Maybe I am wrong. After all, people read the paper because they want to be (and feel) informed. If readers become aware of the disservice you are observing, they will drop that paper. After all, you aren’t exactly quoting USA Today to make this point about a lack of depth. It’s not seen as a serious enough paper to warrant the concern. But could a paper survive by giving space given to the foregone consequences, to the problems that didn’t happen?
 
Written By: Wulf
URL: http://www.atlasblogged.com
"Readers come away with sympathy for the current hardships, but there is no space given to the foregone consequences, to the problems that didn’t happen."

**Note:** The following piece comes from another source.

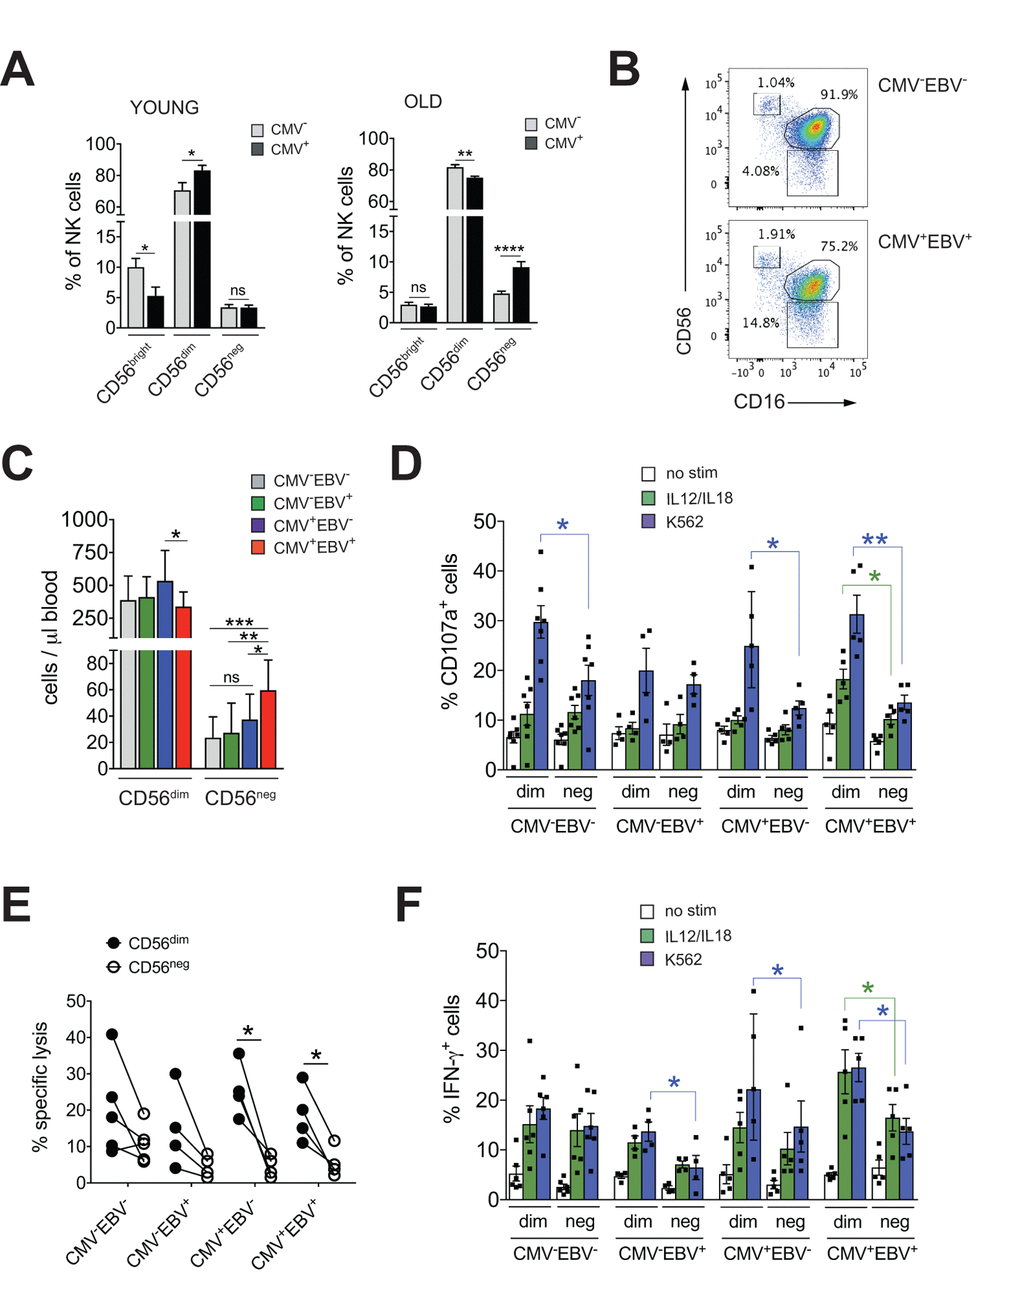 CD56neg NK cells with impaired effector function expand in CMV and EBV co-infected individuals >60 years of age. (A) Frequencies of CD56bright, CD56dim and CD56neg NK cells in YOUNG (– (gray bars, n=10/10) and CMV+ (black bars, n=10/10) individuals compared to OLD (>60 years) CMV- (gray bars, n=20/21) and CMV+ (black bars, n=17/20) donors analyzed as in Supplementary Figure S1A. (B) Representative FACS dot plots from a CMV–EBV– and a CMV+EBV+ donor are shown. Numbers indicate the percentage of cells within total NK cells in peripheral blood. (C) Absolute cell numbers for CD56dim and CD56neg NK cells – as determined by FACS analysis in total PBMCs– are shown in a cohort of HDs >60 years of age stratified as CMV–EBV– (n=11/11), CMV–EBV+ (n=10/24), CMV+EBV– (n=6/6), and CMV+EBV+ (n=12/14). (D-F) FACS-sorted CD56dim and CD56neg NK cells from CMV–EBV– (n=7), CMV–EBV+ (n=4), CMV+EBV- (n=4) and CMV+EBV+ (n=5) donors were either left un-stimulated (empty bars), stimulated with IL-12 / IL-18 (green bars) or K562 target cells (blue bars) and (D) CD107a expression (E) target cell lysis and (F) IFN-γ production were assessed after 6 hours of (co-)culture. Parametric data were compared by Student’s t-test and are shown as mean ± SEM, non-parametric data by Mann-Whitney test and are shown as median ± IQR, respectively. * p≤0.05, ** p≤0.005, *** p≤0.005.

Understanding what is not presented by the press requires critical thinking skills on the part of the readership.
 
Written By: Grimshaw
URL: http://
Most newspapers don’t go into analyzing the story with magazines supposedly picking up the slack. But of course, there is no coordination between those different media so unless one is inclined to do some research themselves, one only learns the surface facts. I find it interesting that Mississippi and Alabama have received little coverage and seemly few problems have been exposed and covered by the media.

From a friend who worked there after Katrina, in Mississippi they followed the “do what your have to and ask for forgiveness latter” logic. That got things really rolling and I’m sure it gave everyone a “can do” attitude which prevailed even after the more intensive, thought-out recovery/rebuilding work began. He said that in Louisiana they waited for the proper paperwork and approvals from day one.